Its a feature of the notebooke, not Gentoo and varies from notebook to notebook.

Having got the power up sequence correct, can you switch displays?

If not, what is the make and model of your notebook?

We will need to read the user manual.

Put the /var/log/Xorg.0.log file onto a pastebin site.

Put the dmesg output onto a pastebin site.  Neither will fit into a post.

----------

## bandreabis

Gosh! I did not think about it! Sorry.
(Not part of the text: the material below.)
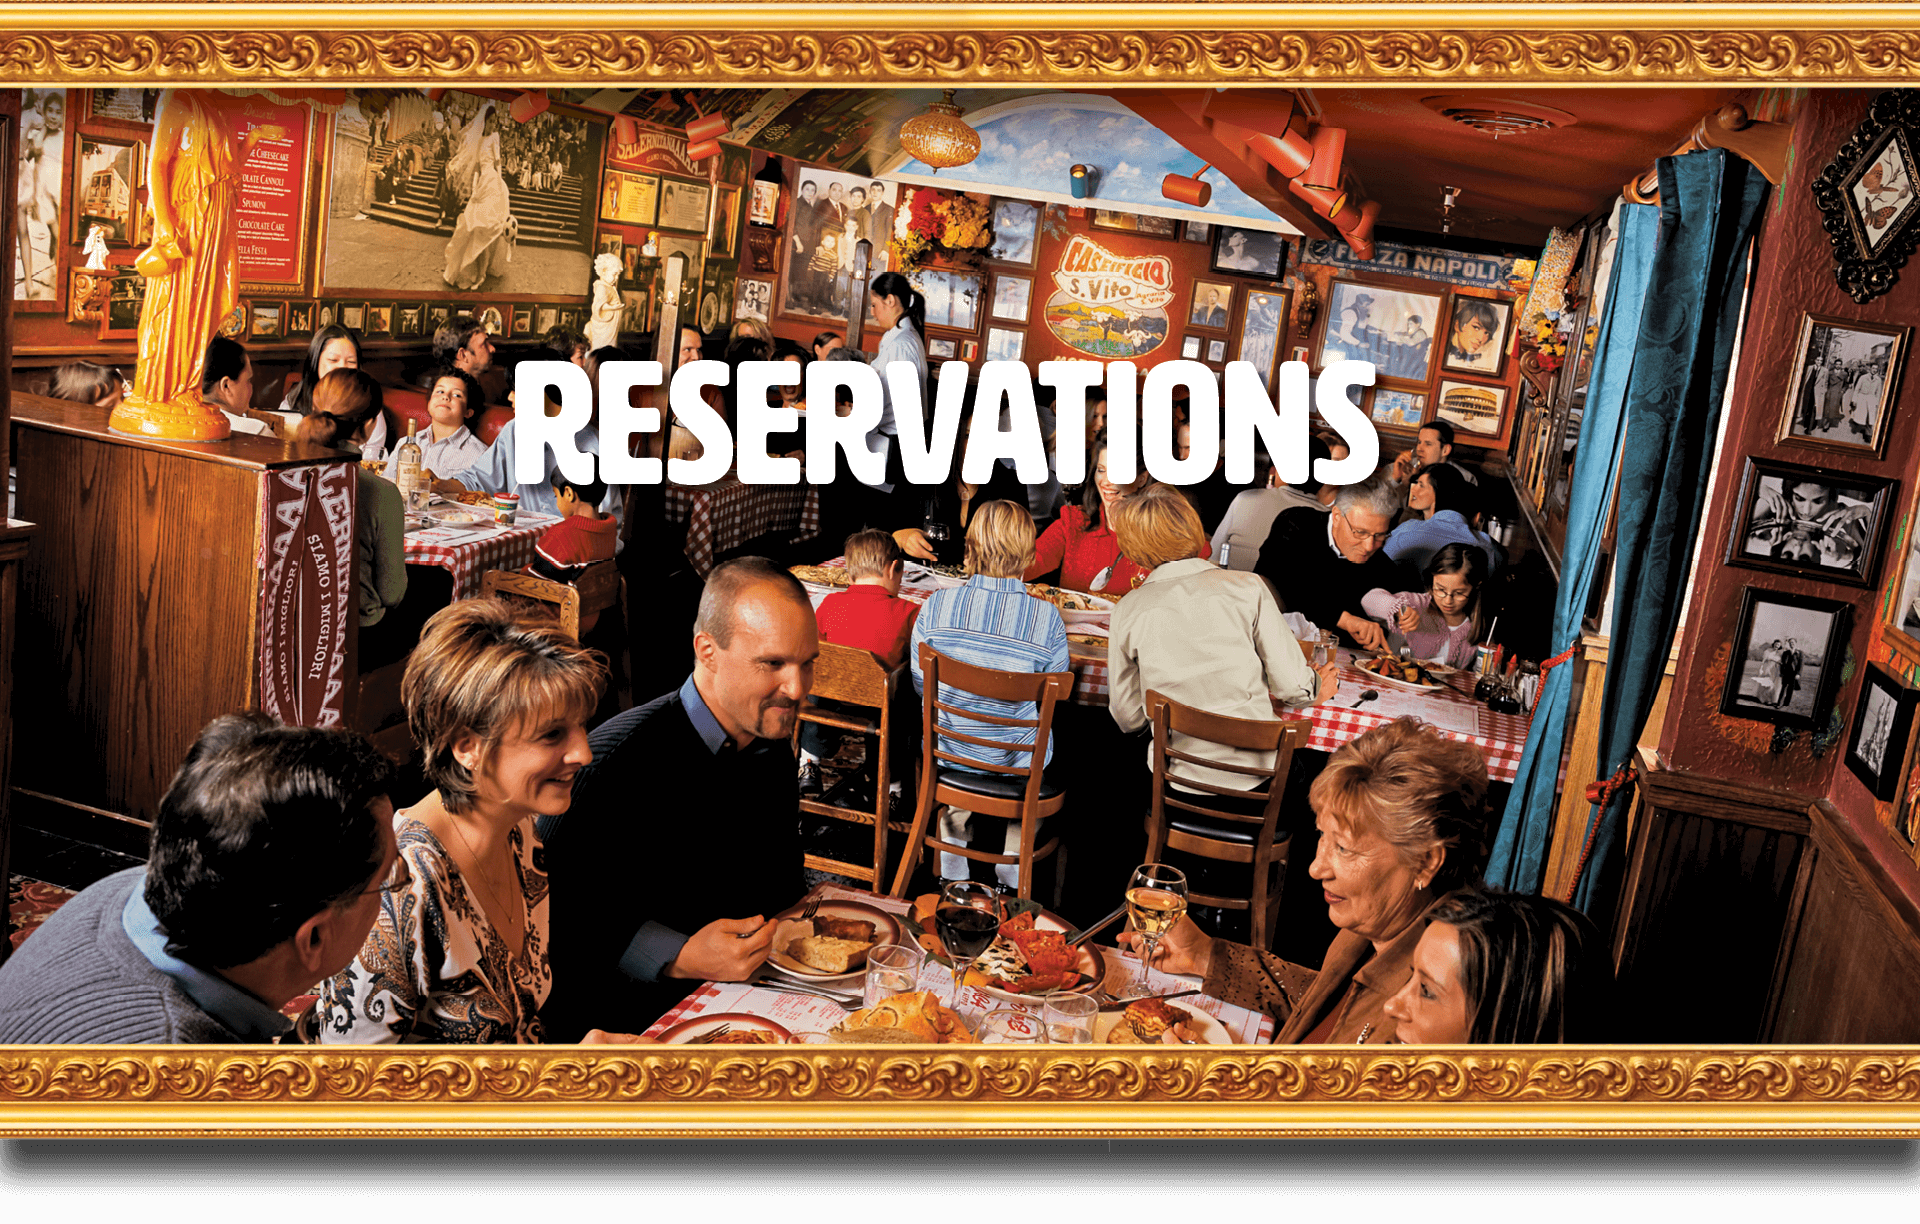 Make a reservation at Buca di Beppo.

By evening I'm gonna test it.

Many thanks.

But a question arises:

Is it normal I even can't see the external monitor in system settings screen section?

----------

## NeddySeagoon

bandreabis,

Yes.  It needs to be detected first.

----------

## bandreabis

Sorry. I remember that I connected the HDMI TV and restarted notebook, but the same it did not show up.

----------

## NeddySeagoon

bandreabis,

The next step is to post the information I asked for then.

----------

## bandreabis

Yes, sure.

As soon as I grab it.

----------

## Jaglover

With my hardware I can start up the PC first and then power on the TV set connected to the HDMI, after running xrandr --auto the HDMI starts working, with audio and everything.

----------

## NeddySeagoon

Jaglover,

Many but not all, work that way. 

Lets get the easy boundary cases out of the way first.

----------

## bandreabis

 *NeddySeagoon wrote:*   

> bandreabis,
> 
> A few things.   First, the power on sequence is important for HDMI.
> 
> The HDMI display must be powered on before the PC, or the display may not be detected.
> ...

 

My notebook: HP 15-bc014nl

Xorg.log http://pastebin.com/raw/0GDGfmxF

tra cui: 

[     6.619] (II) intel(0): Output HDMI1 has no monitor section

[     6.619] (II) intel(0): Enabled output HDMI1

[     6.696] (II) config/udev: Adding input device HDA Intel PCH HDMI (/dev/input/event11)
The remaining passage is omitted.